Let's show how to do this to edit the state at a particular point in time. Let's update the state to change the input to the tool
# Let's now get the last message in the state
# This is the one with the tool calls that we want to update
last_message = to_replay.values["messages"][-1]
# Let's now update the args for that tool call
last_message.tool_calls[0]["args"] = {"query": "current weather in SF"}
branch_config = app.update_state(
to_replay.config,
{"messages": [last_message]},
)
We can then invoke with this new branch_config
to resume running from here with changed state. We can see from the log that the tool was called with different input.
for event in app.stream(None, branch_config):
for v in event.values():
print(v)
{'messages': [ToolMessage(content='["It\'s sunny in San Francisco, but you better look out if you\'re a Gemini \\ud83d\\ude08."]', name='search', tool_call_id='toolu_01Bpq6yiKqk9moPuGYKdLr8r')]} {'messages': [AIMessage(content="Based on the search results, I can provide you with information about the current weather in San Francisco (SF):\n\nThe weather in San Francisco is currently sunny. This means it's a clear day with plenty of sunshine, which is great for outdoor activities or simply enjoying the city's beautiful views.\n\nIt's worth noting that San Francisco's weather can be quite variable, even within the city itself, due to its unique geography and microclimates. While it's sunny now, it's always a good idea to be prepared for potential changes, as the city is known for its foggy conditions, especially in certain areas and during specific times of the day.\n\nThe search result also includes a playful reference to astrology, mentioning Geminis. However, this is likely just a humorous addition and not related to the actual weather conditions.\n\nIs there any specific information about the weather in San Francisco that you'd like to know more about, such as temperature, wind conditions, or forecast for the coming days?", response_metadata={'id': 'msg_01AoFmmzZxbMLuu3npVXJKG7', 'model': 'claude-3-5-sonnet-20240620', 'stop_reason': 'end_turn', 'stop_sequence': None, 'usage': {'input_tokens': 486, 'output_tokens': 211}}, id='run-ccb9e786-c23e-4017-bf29-8405f17cec9f-0', usage_metadata={'input_tokens': 486, 'output_tokens': 211, 'total_tokens': 697})]}
Alternatively, we could update the state to not even call a tool!

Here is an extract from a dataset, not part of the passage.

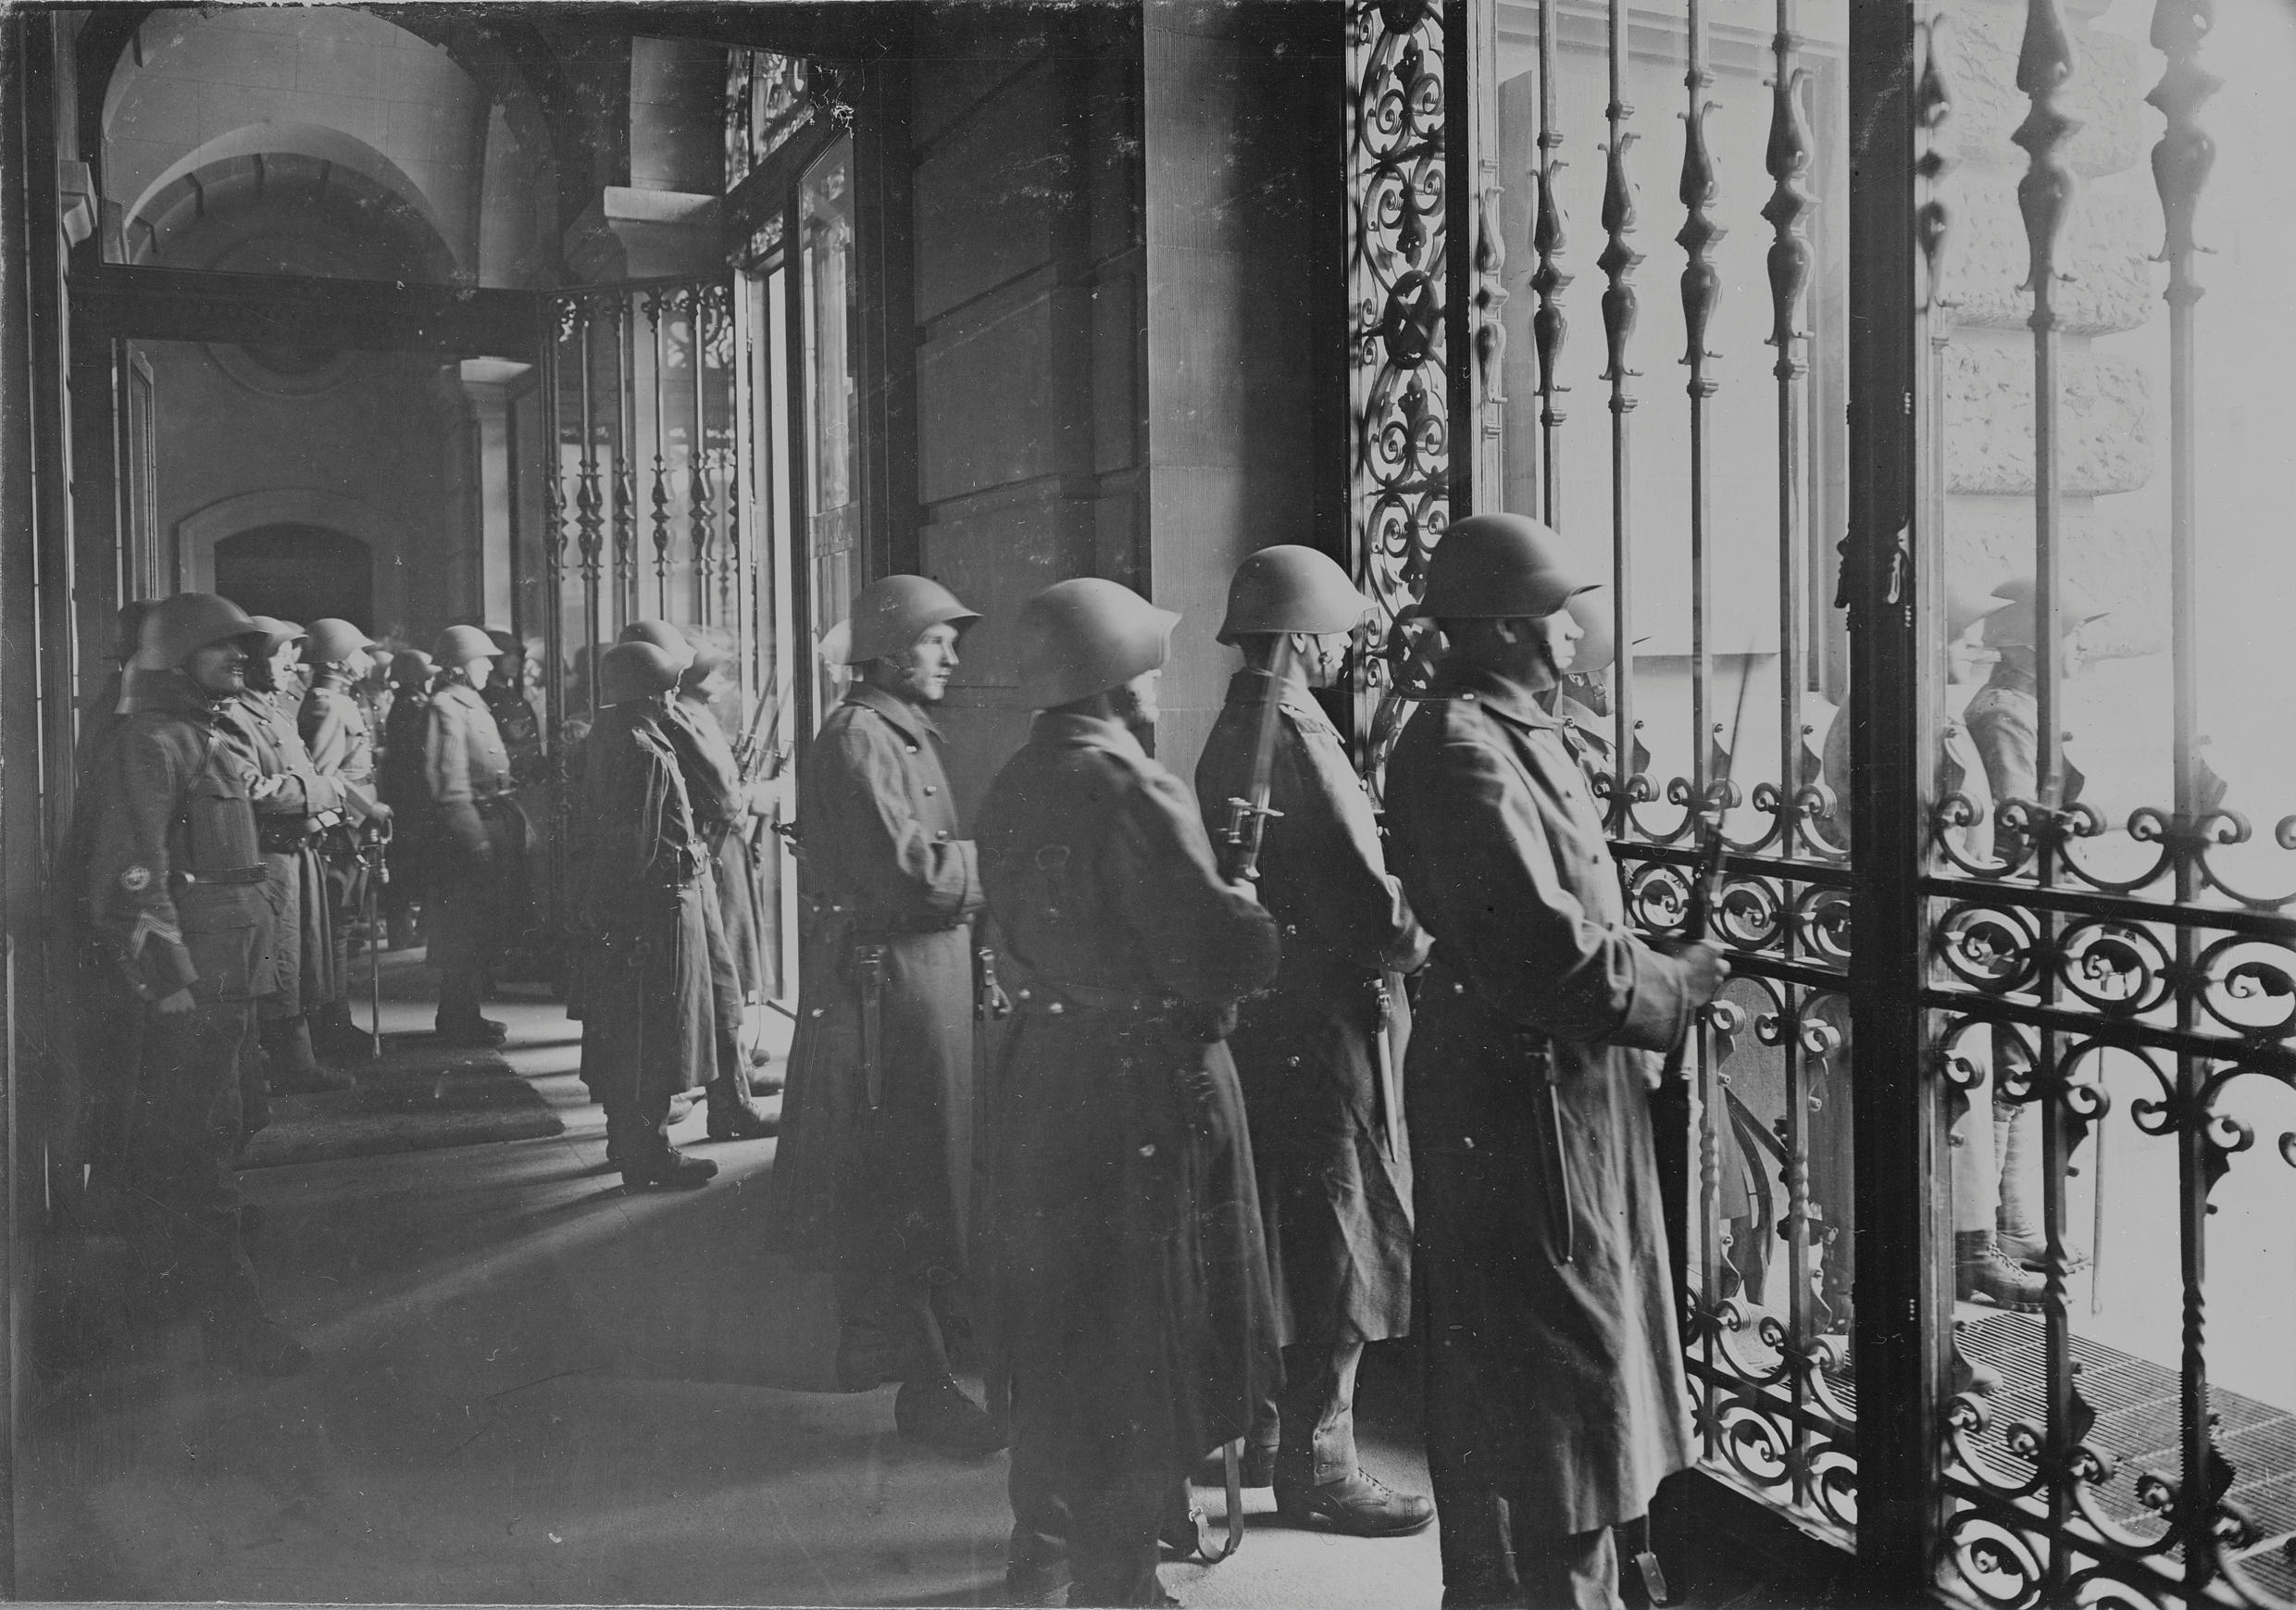 جنود تقف في مدخل بناية وينظرون إلى الخارج
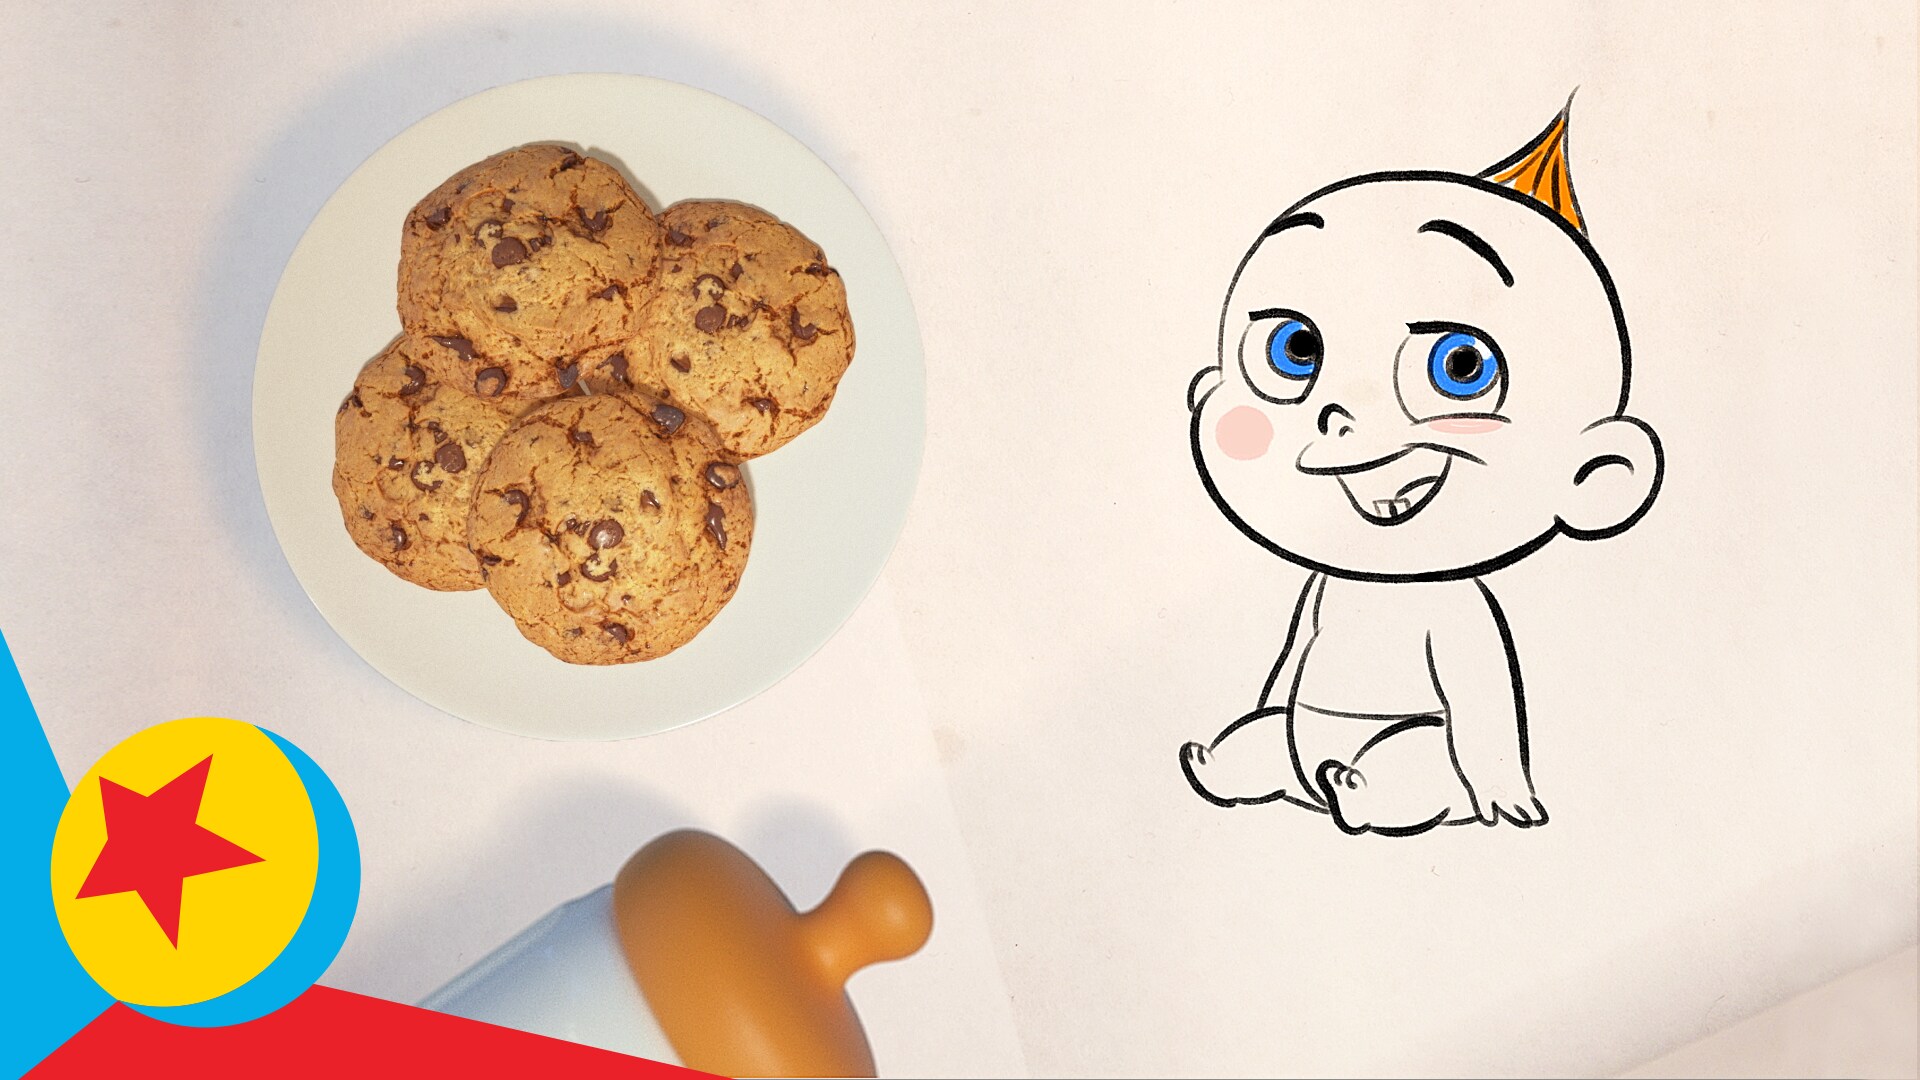 Jack-Jack Makes Cookie Num-Nums! | Incredibles 2 | Cooking With Pixar

from langchain_core.messages import AIMessage
# Let's now get the last message in the state
# This is the one with the tool calls that we want to update
last_message = to_replay.values["messages"][-1]
# Let's now get the ID for the last message, and create a new message with that ID.
new_message = AIMessage(content="its warm!", id=last_message.id)
branch_config = app.update_state(
to_replay.config,
{"messages": [new_message]},
)
branch_state = app.get_state(branch_config)
branch_state.values
{'messages': [HumanMessage(content='Use the search tool to look up the weather in SF', id='9558b3e7-fa30-4e8b-9587-d58ae3491577'), AIMessage(content='its warm!', id='run-cfef25ca-d1be-4e79-8798-3bb9a7002287-0')]}
branch_state.next
()
You can see the snapshot was updated and now correctly reflects that there is no next step.